### Task to complete
Please copy the data exactly as it stands, minus the images.

### Supplied material

■ ■ ■ ■

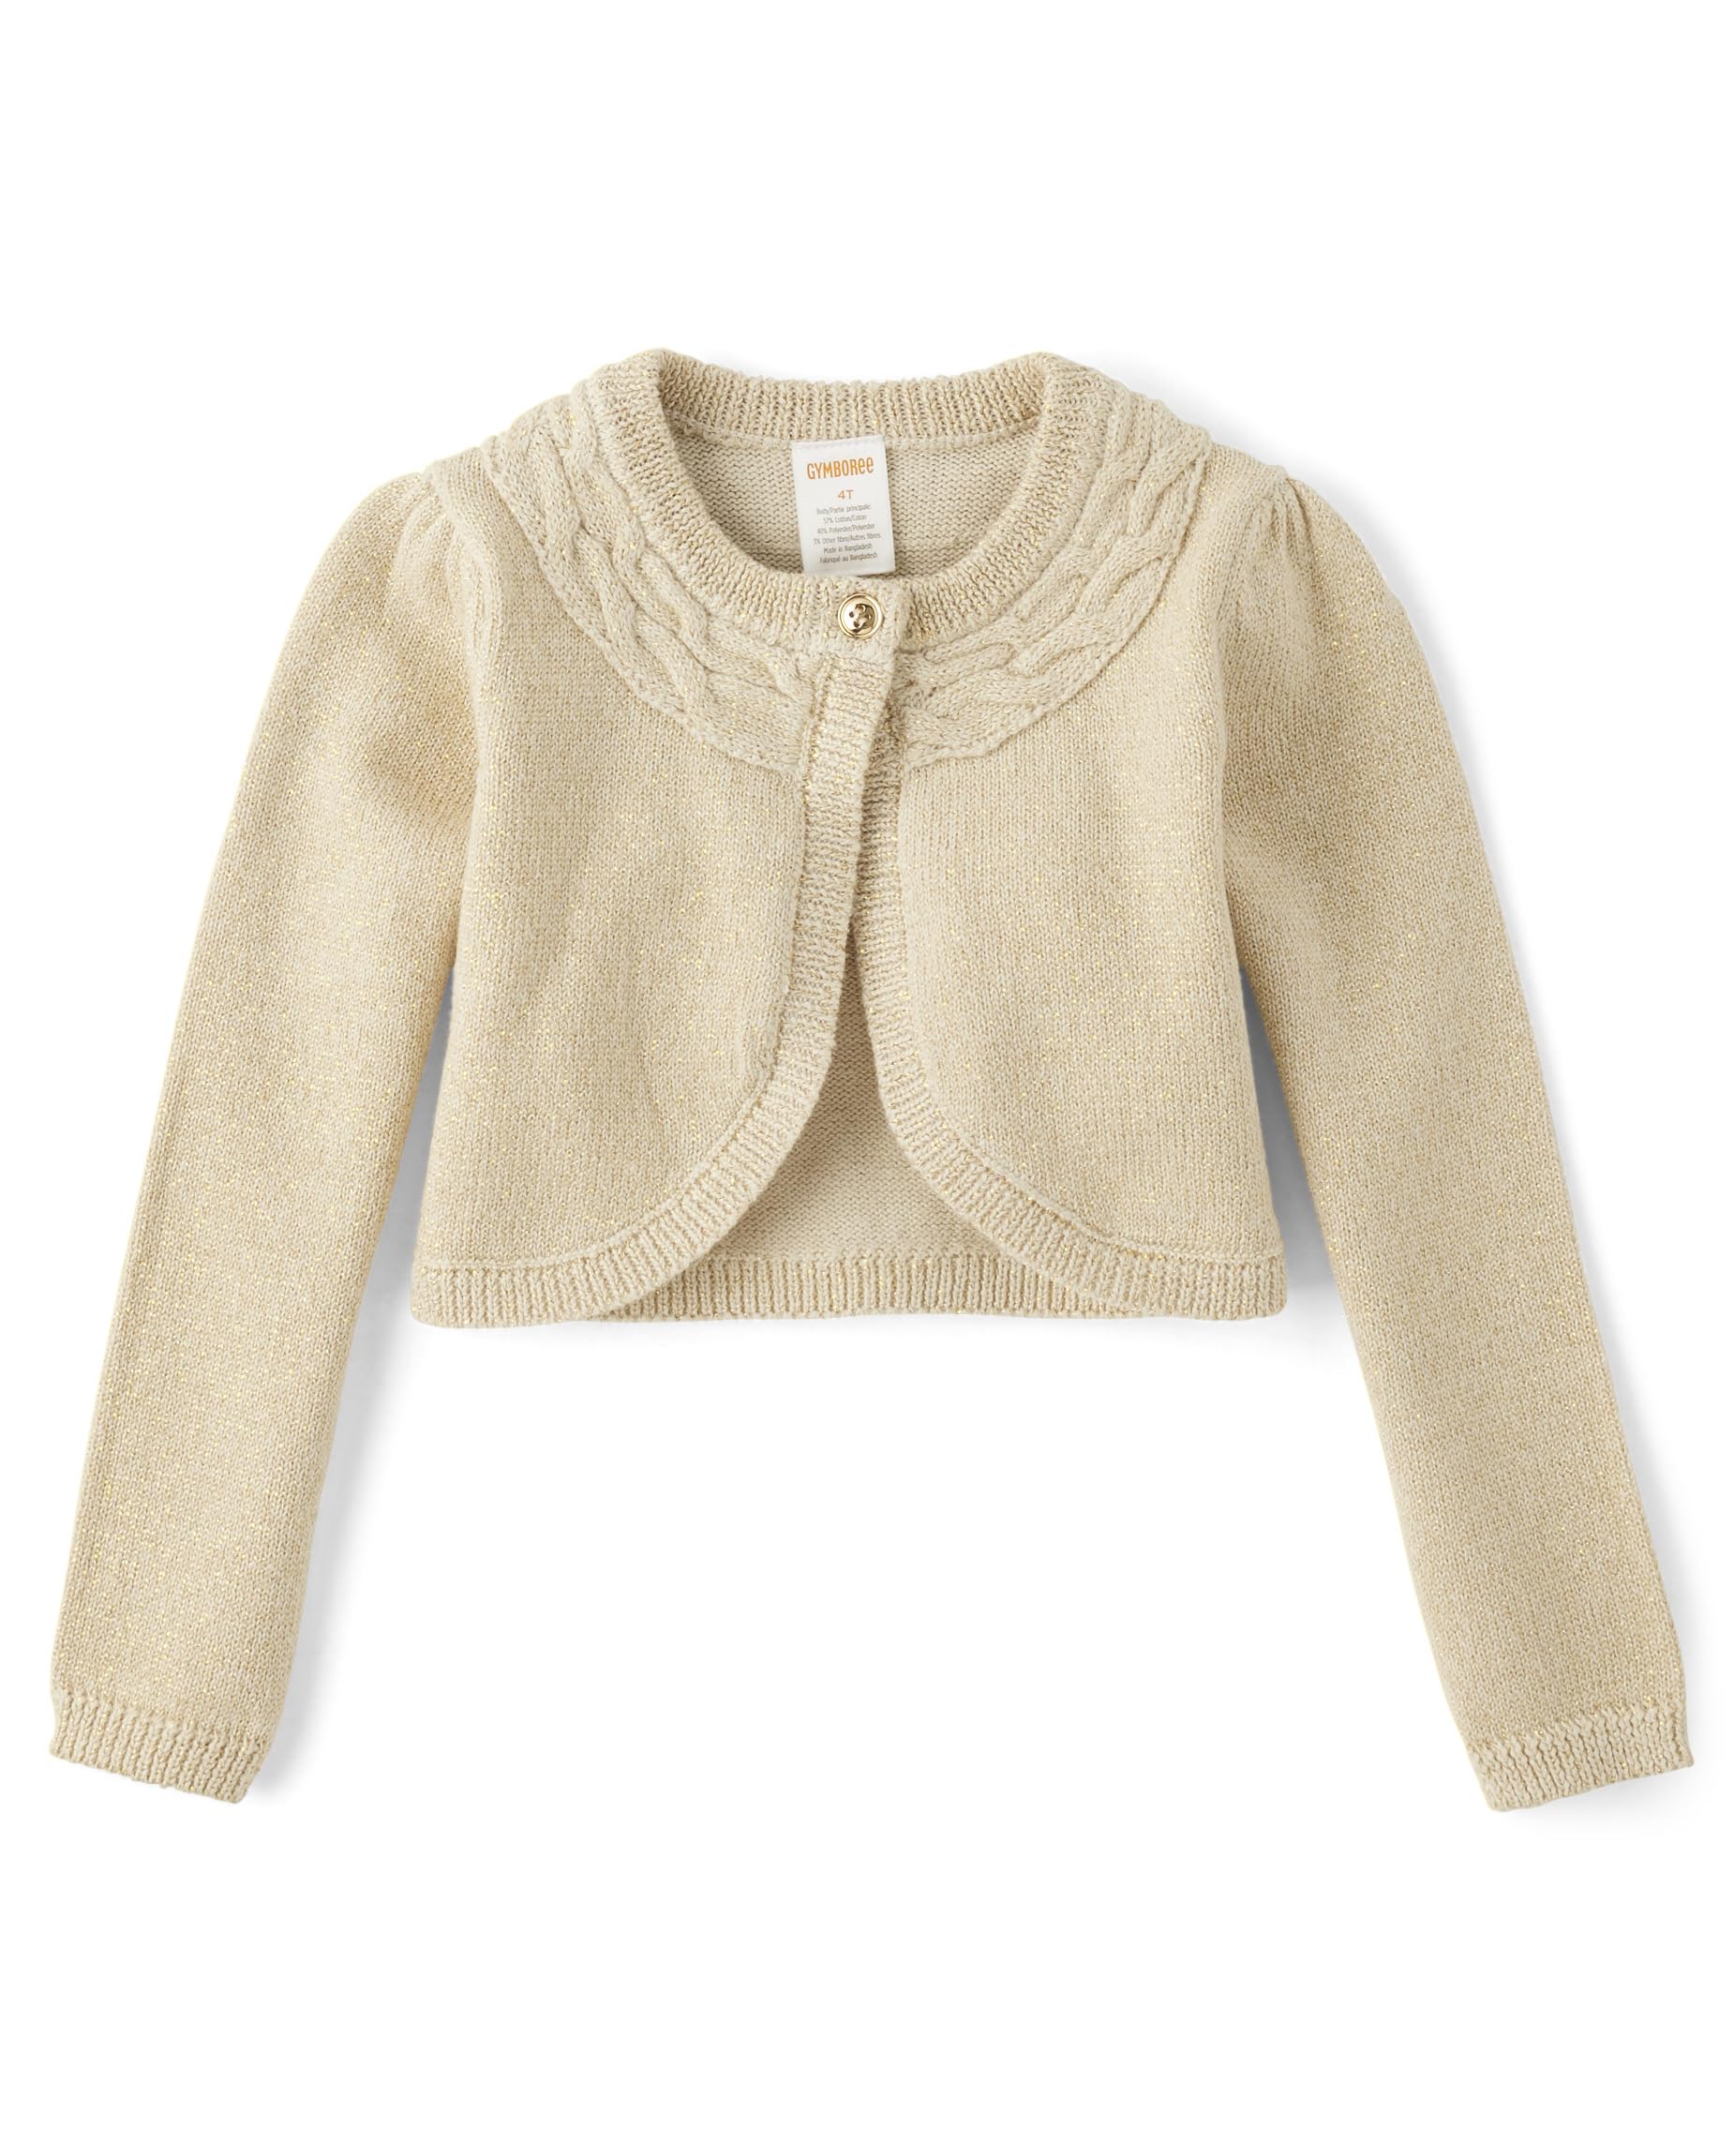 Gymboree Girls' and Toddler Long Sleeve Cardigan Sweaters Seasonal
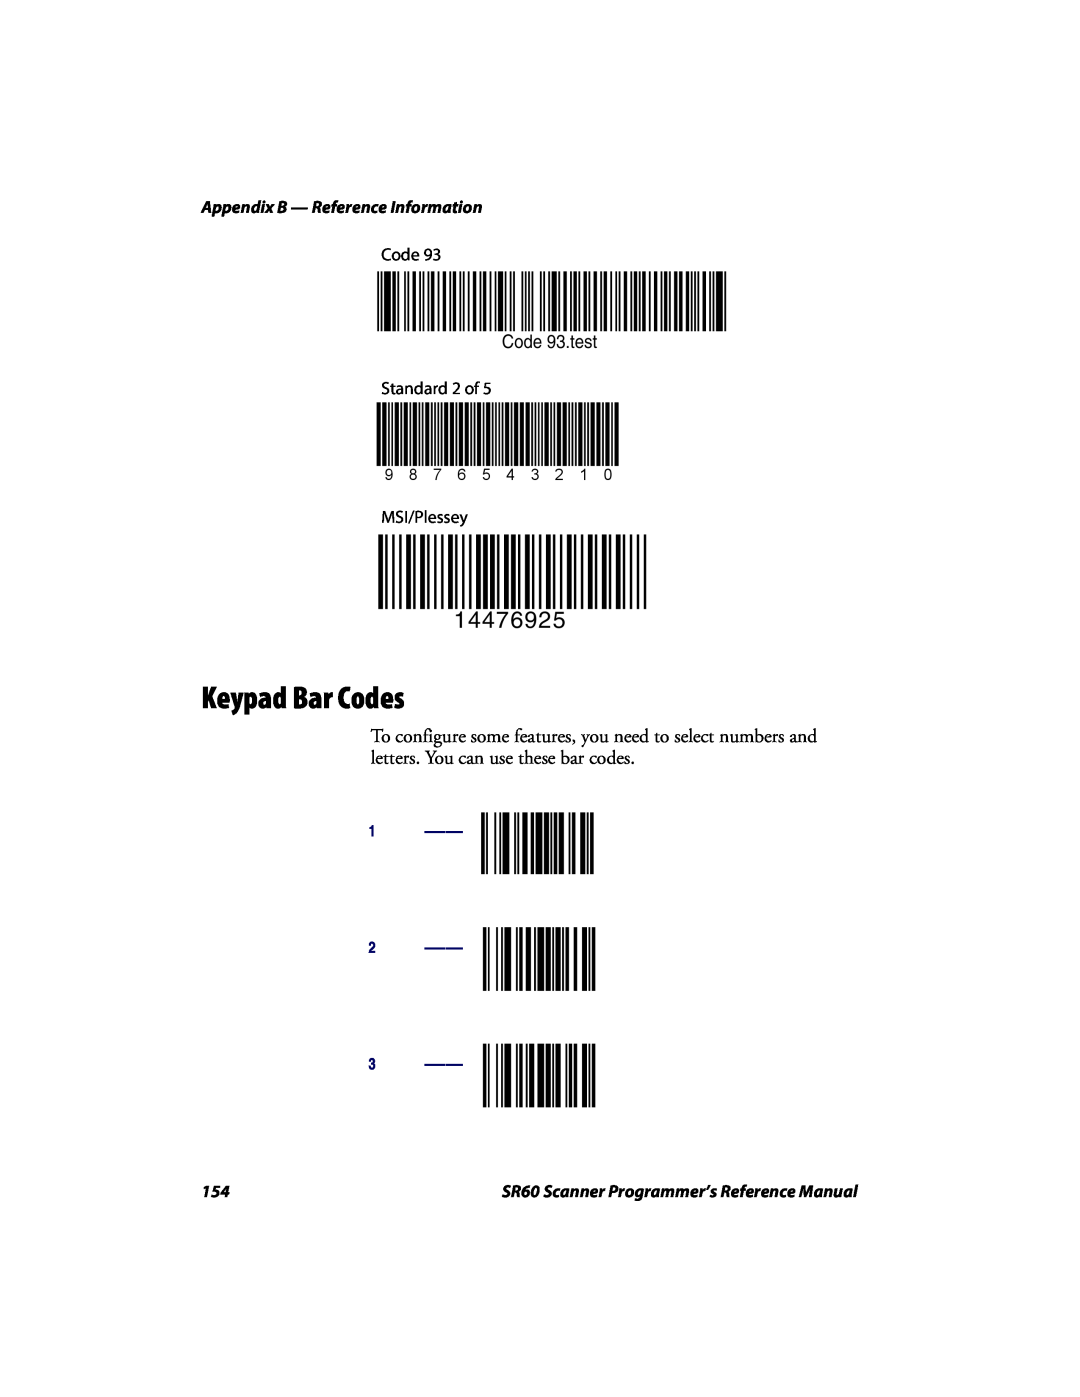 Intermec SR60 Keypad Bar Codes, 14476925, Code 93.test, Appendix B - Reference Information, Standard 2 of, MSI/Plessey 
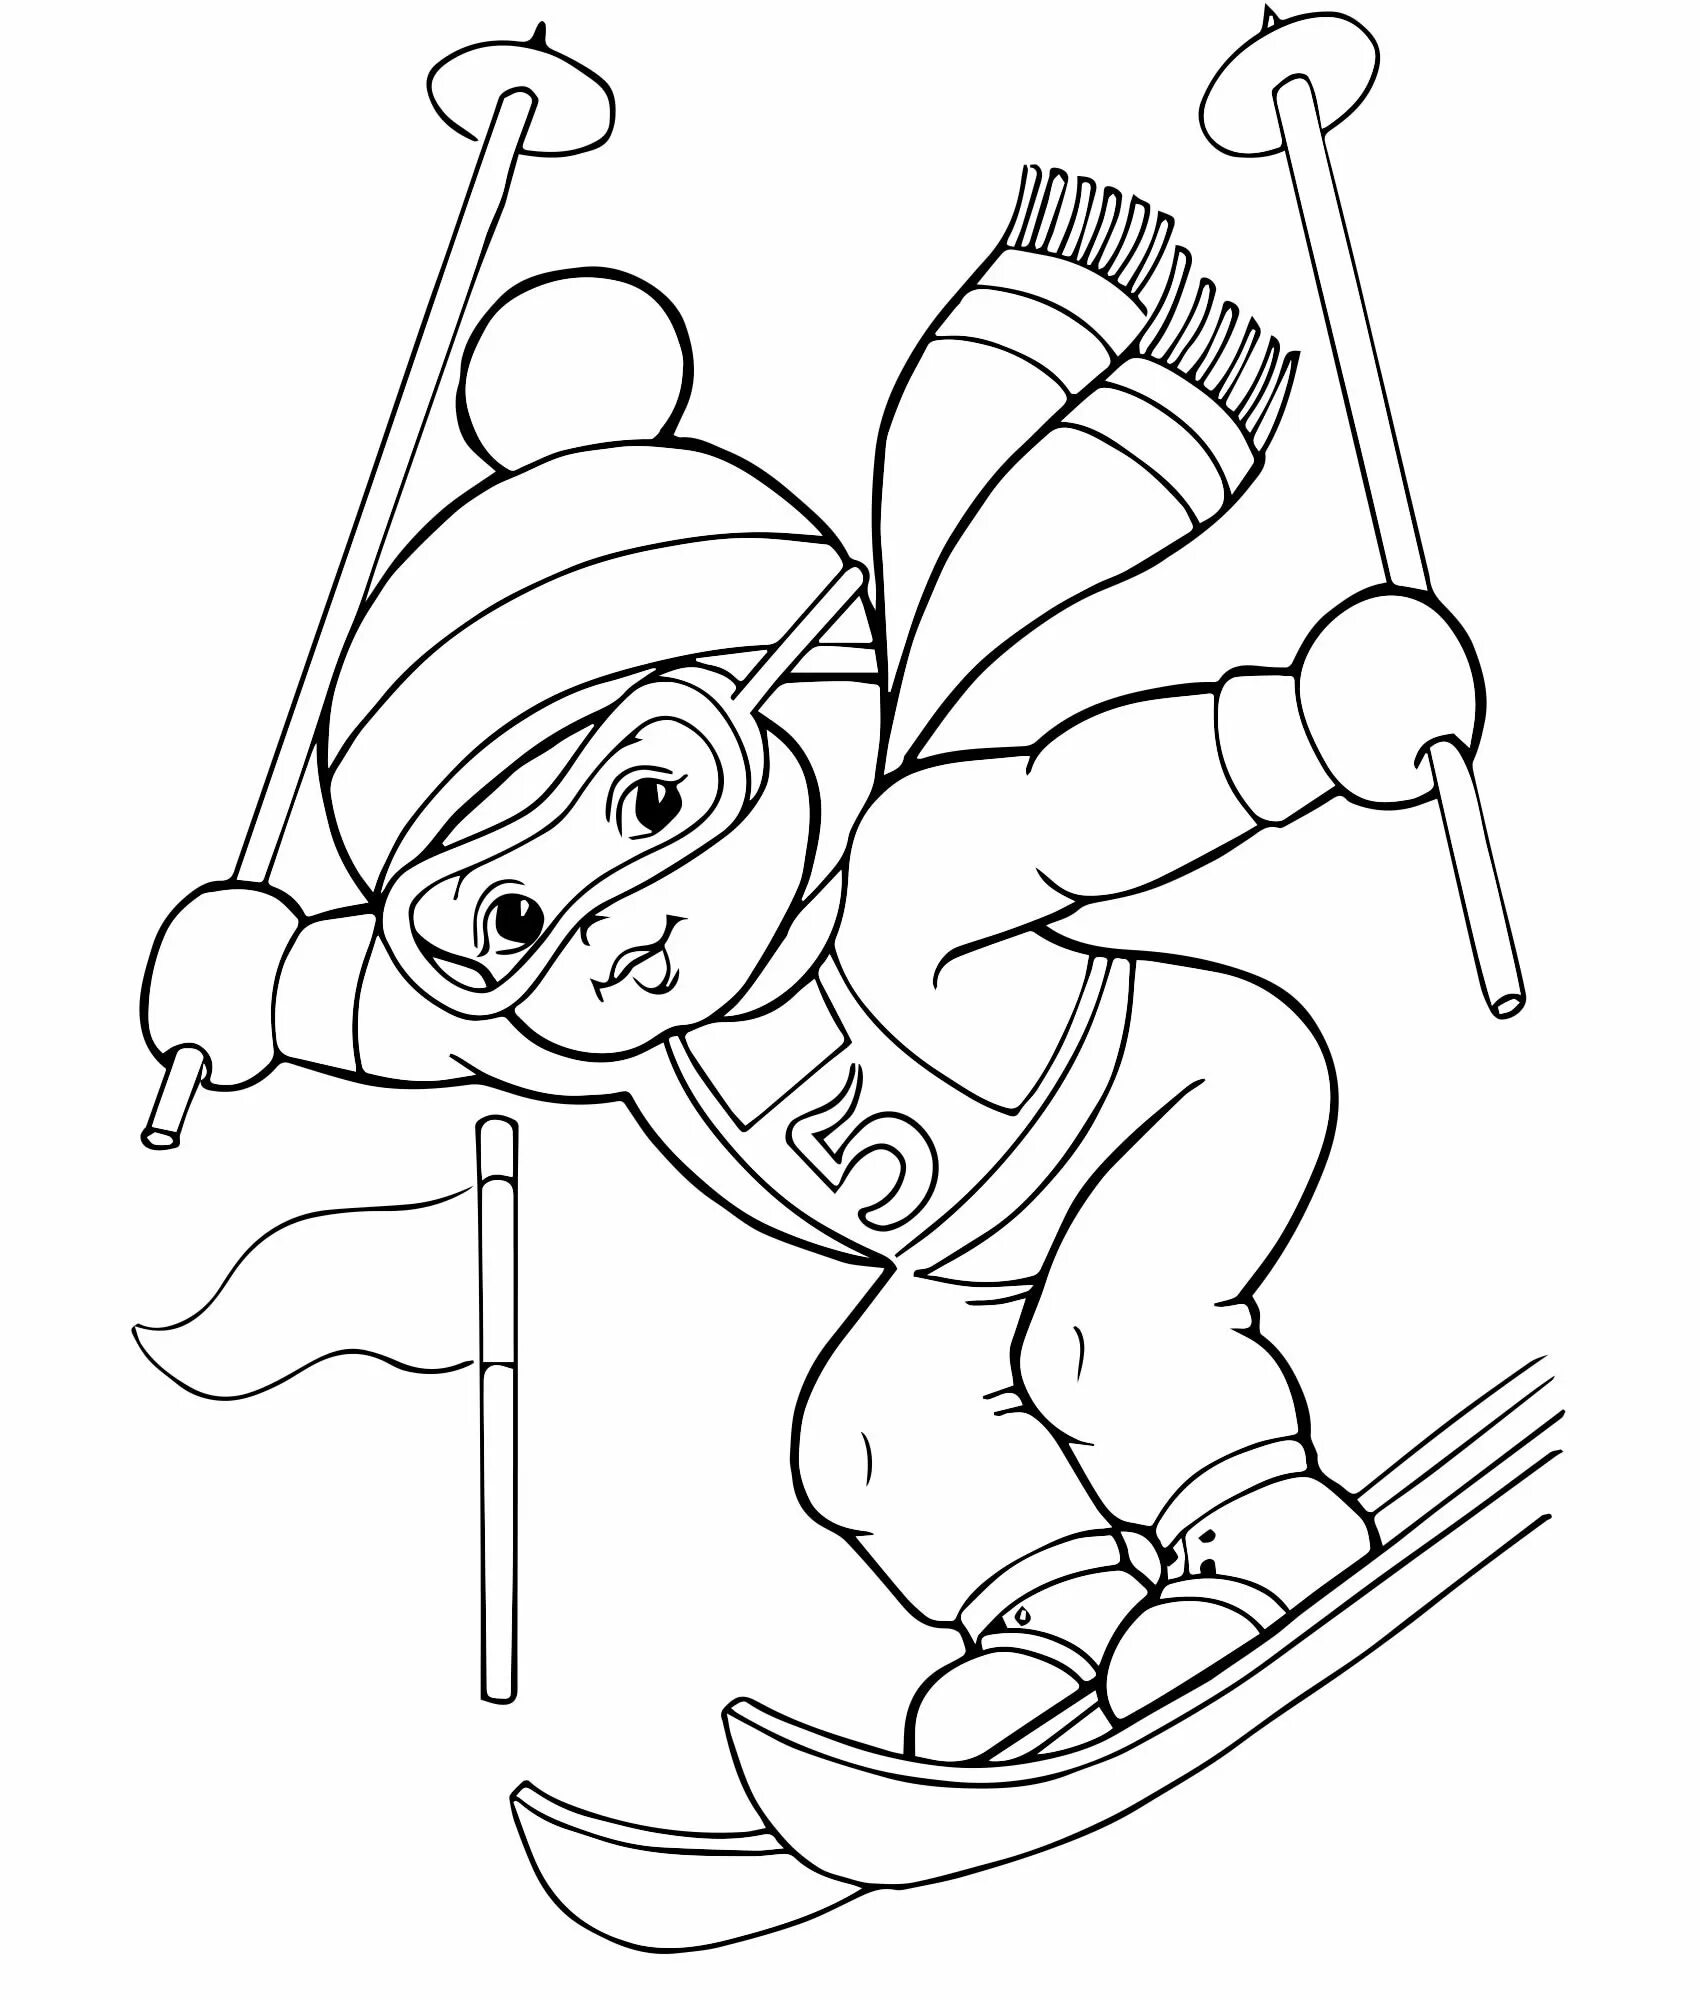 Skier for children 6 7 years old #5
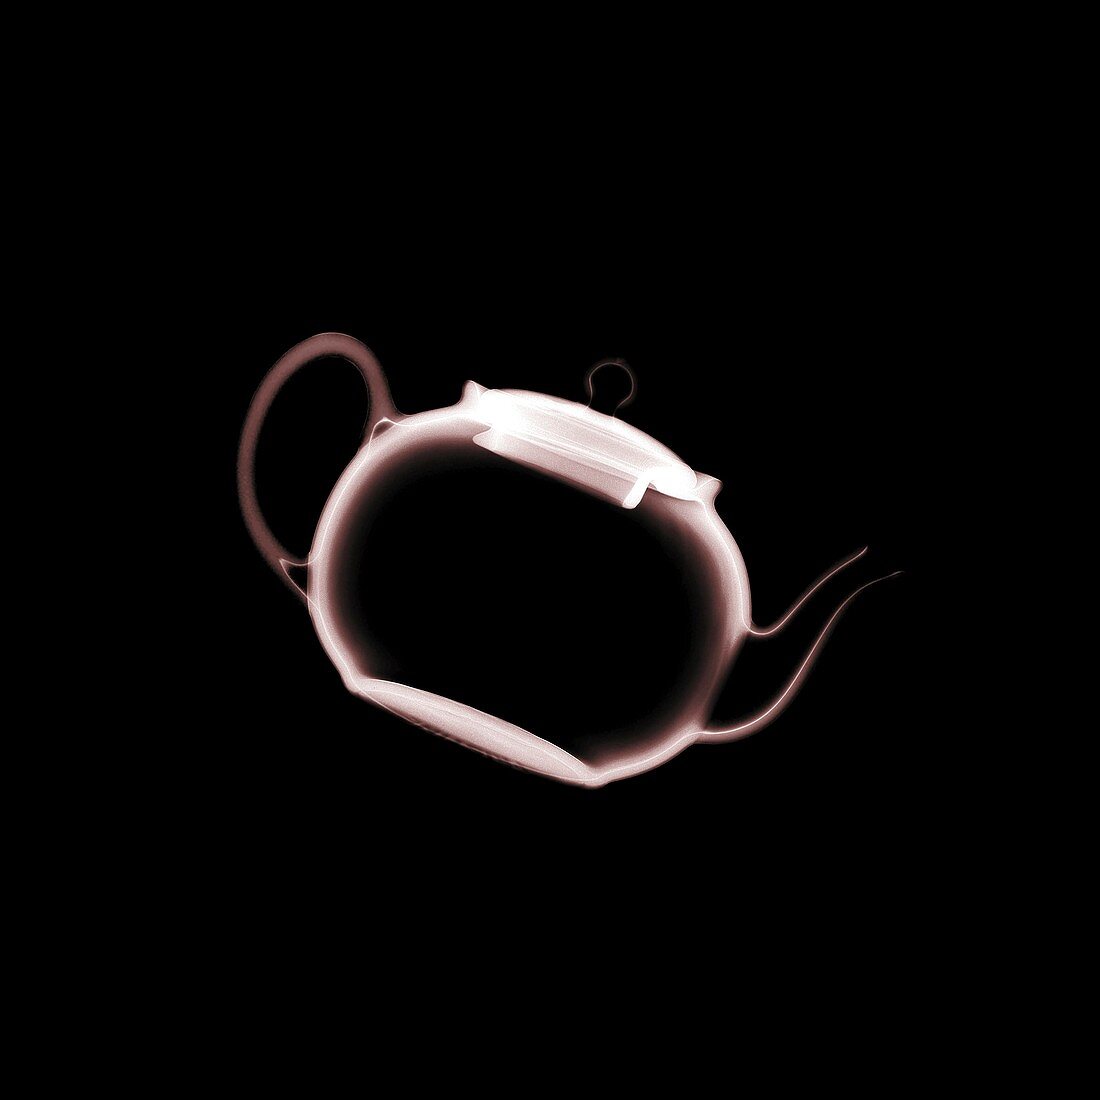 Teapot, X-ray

■ ■ ■ ■

### Expected answer
 Gymboree Girls' and Toddler Long Sleeve Cardigan Sweaters Seasonal
 Intermec SR60 Keypad Bar Codes, 14476925, Code 93.test, Appendix B - Reference Information, Standard 2 of, MSI/Plessey 
 Skier for children 6 7 years old #5
 Teapot, X-ray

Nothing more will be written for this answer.